Exercise requirements:
Leaving the pictures aside, repeat every line below exactly.

Material provided:
......

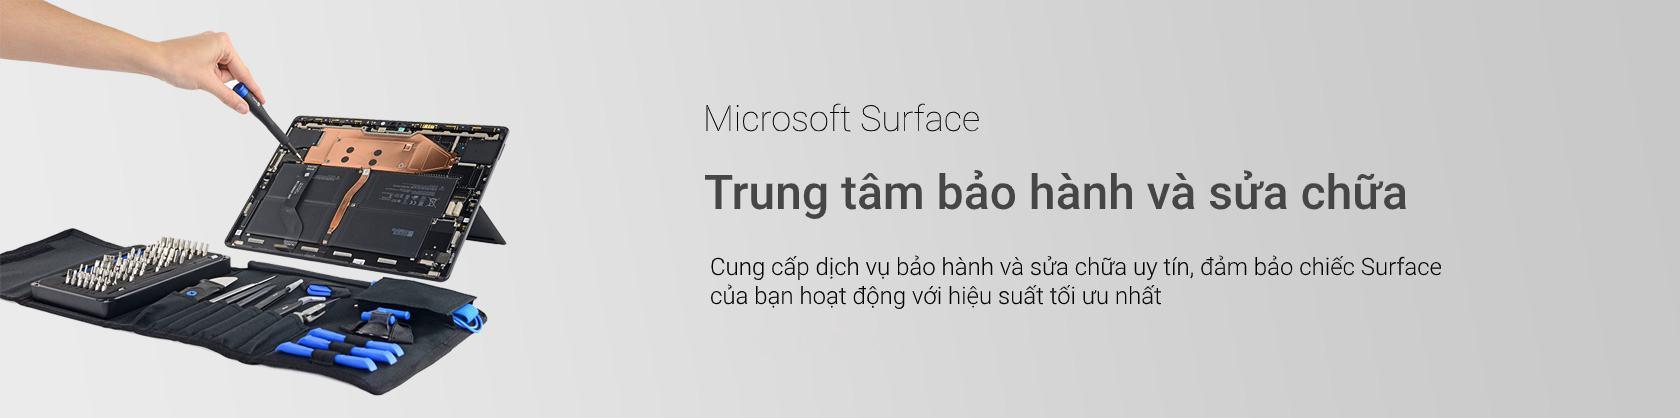 Trung tâm bảo hành và sửa chữa Surface Microsoft 3
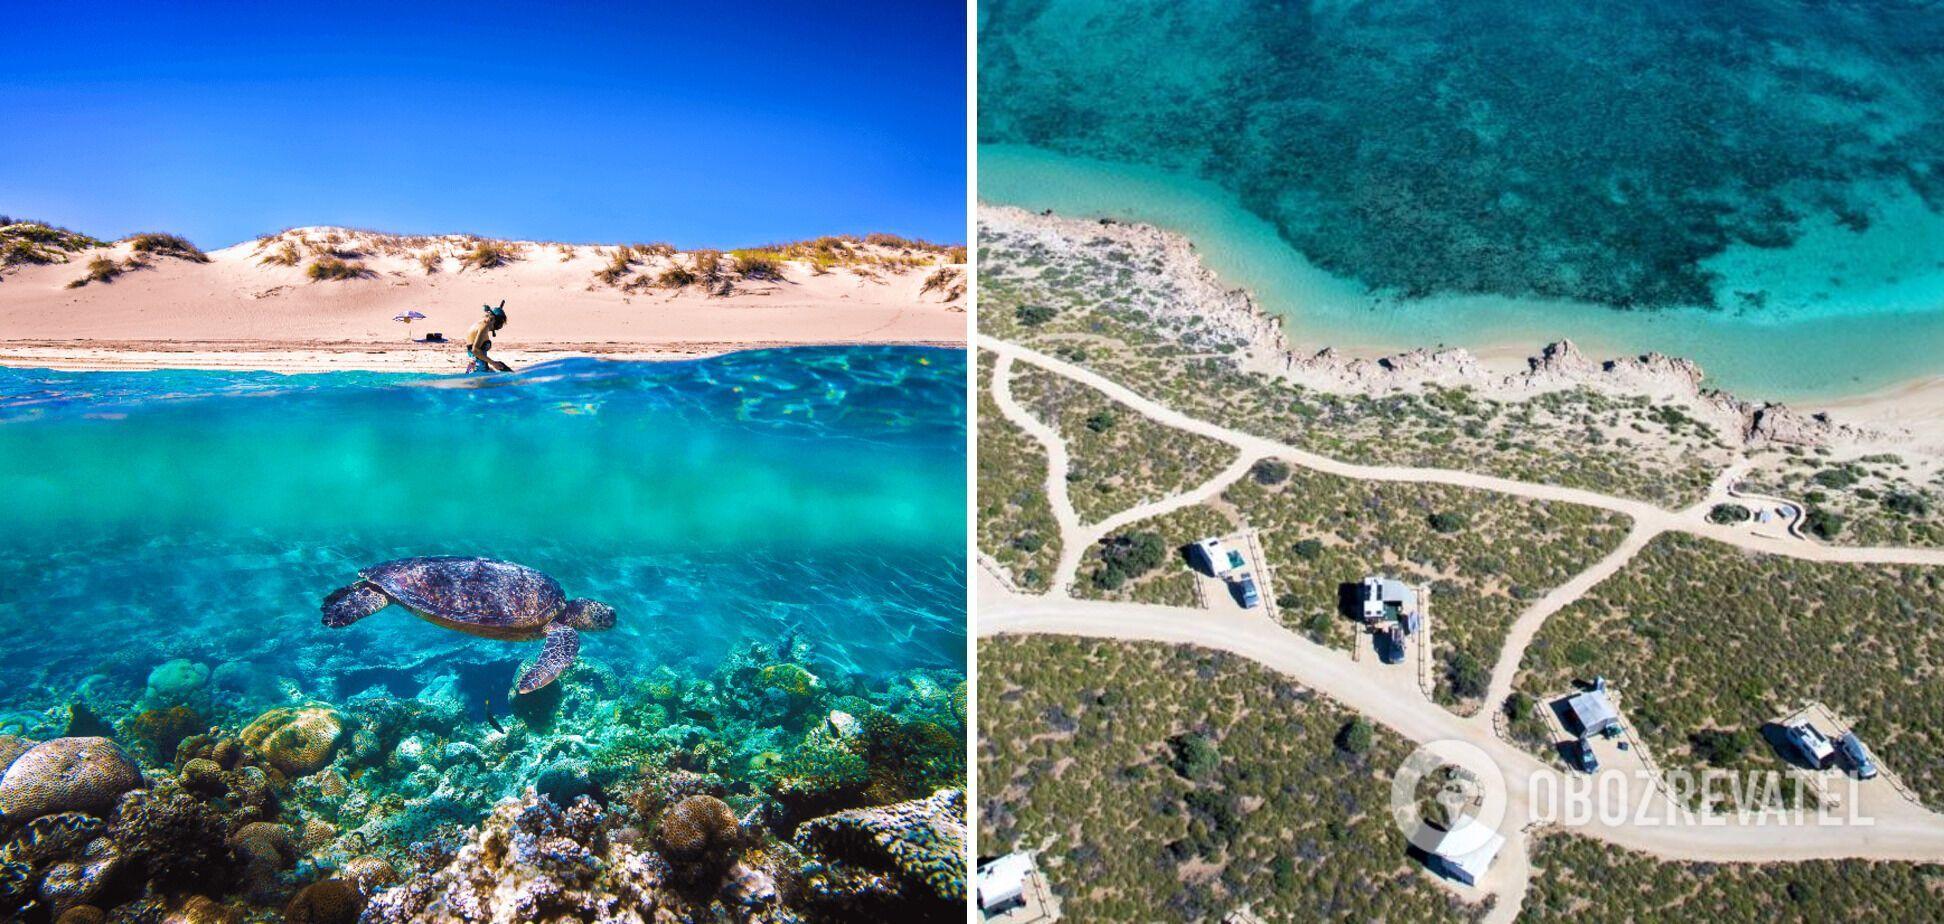 Бірюзовий залив в Австралії має різноманітний підводний світ
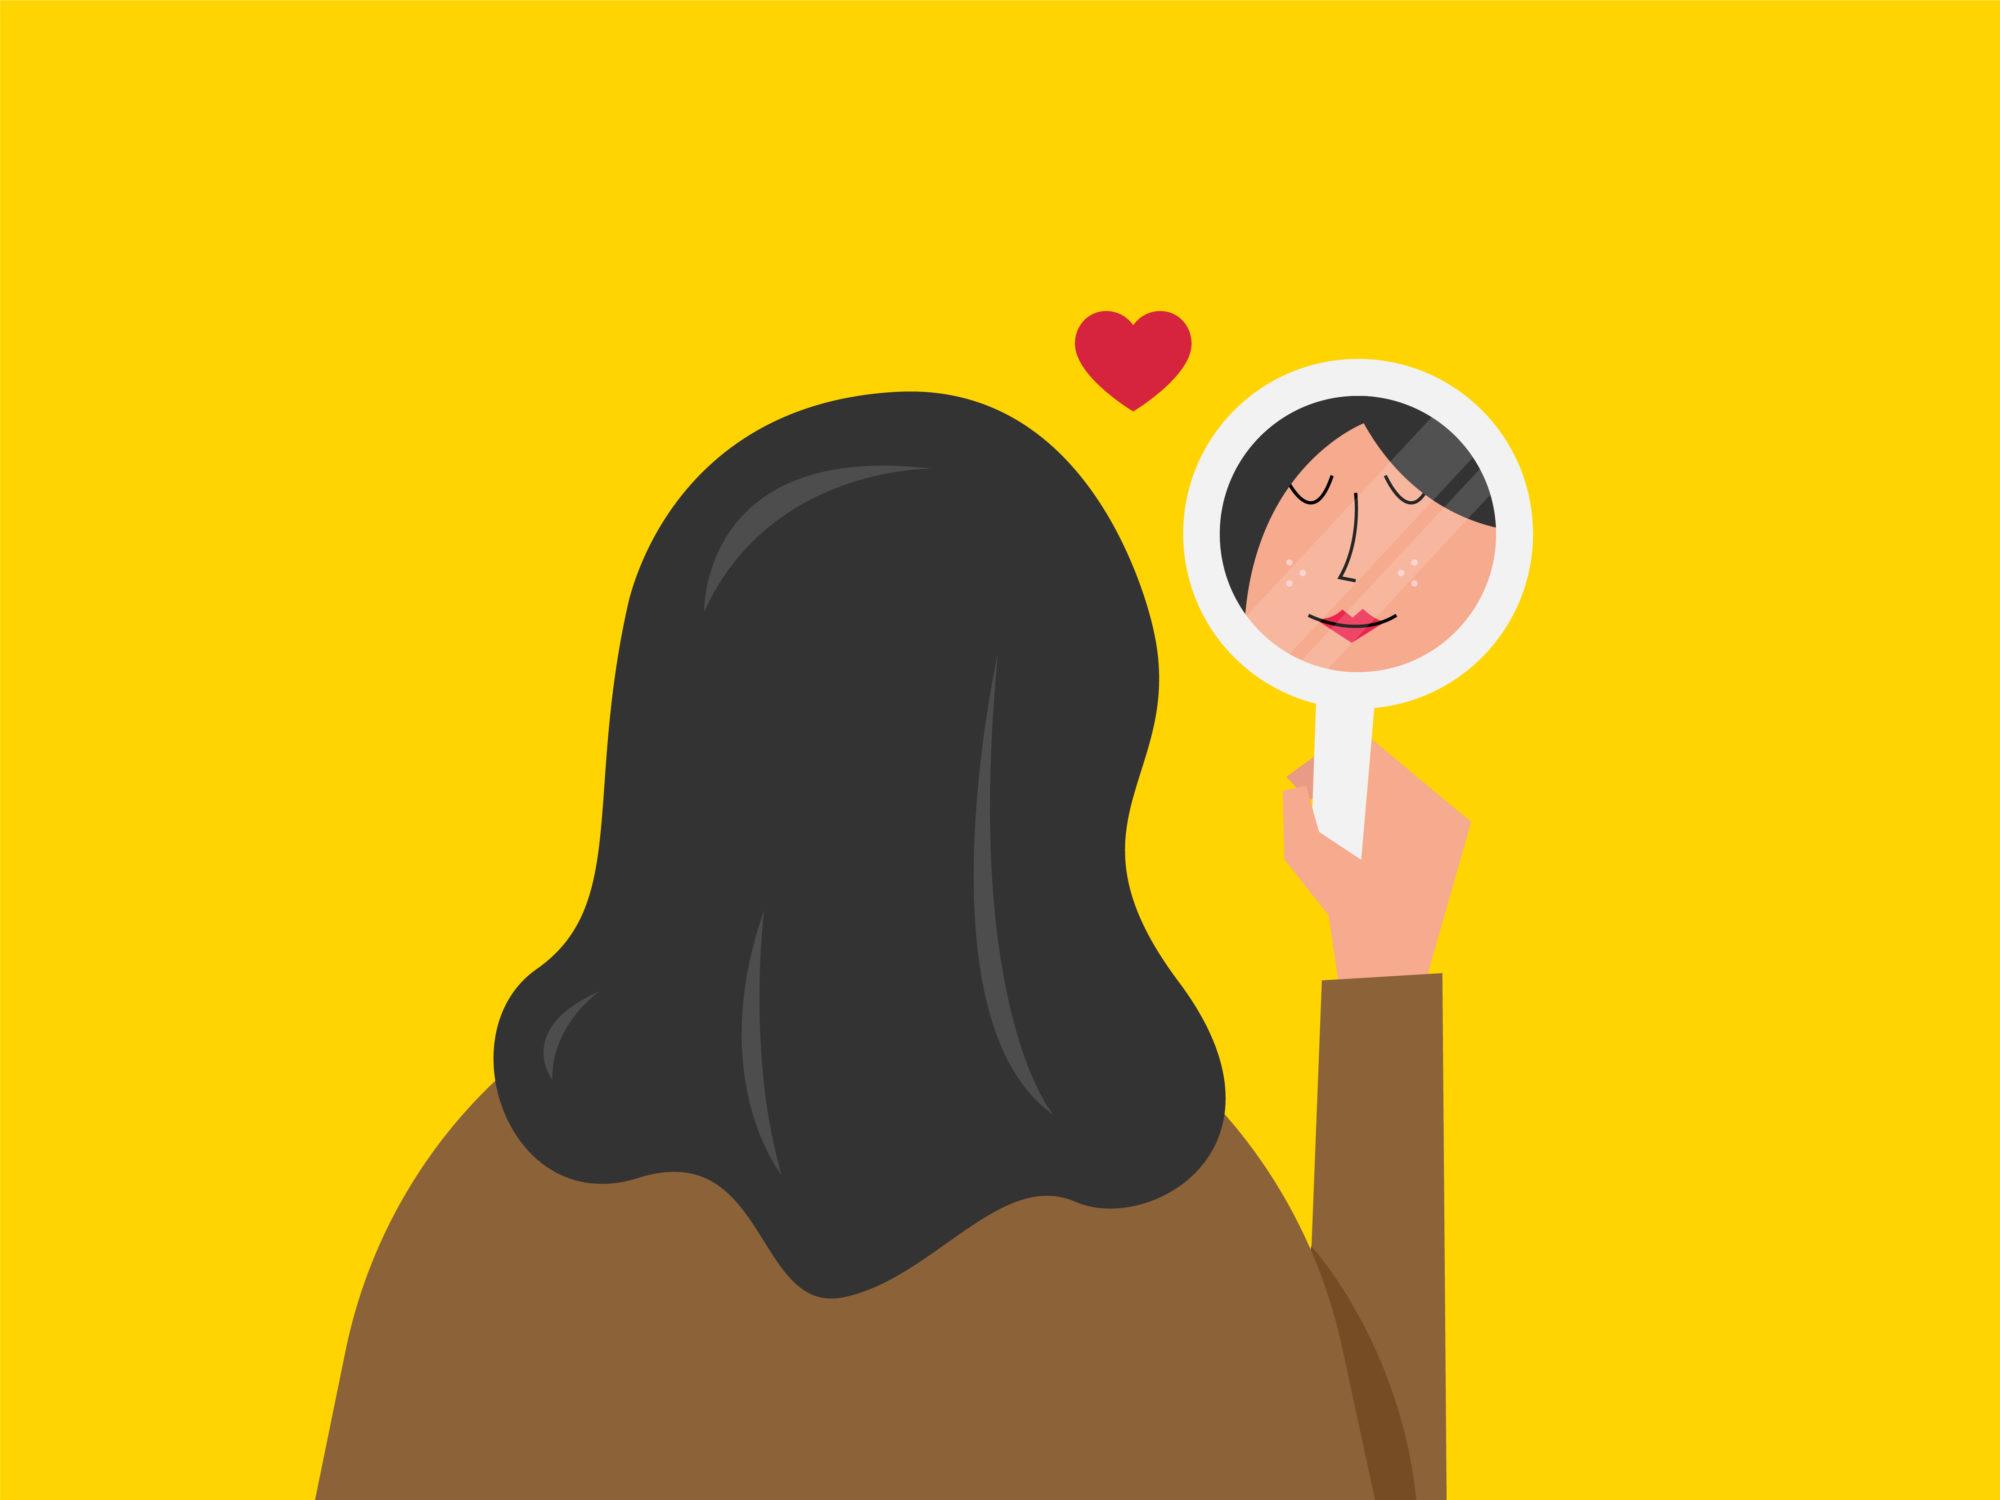 ToMo] 7 Cách Bộc Lộ Bản Thân Giúp Bạn Kết Nối Sâu Sắc Hơn Với Người Khác -  YBOX

......

Task output:
 Trung tâm bảo hành và sửa chữa Surface Microsoft 3
 Бірюзовий залив в Австралії має різноманітний підводний світ
 ToMo] 7 Cách Bộc Lộ Bản Thân Giúp Bạn Kết Nối Sâu Sắc Hơn Với Người Khác -  YBOX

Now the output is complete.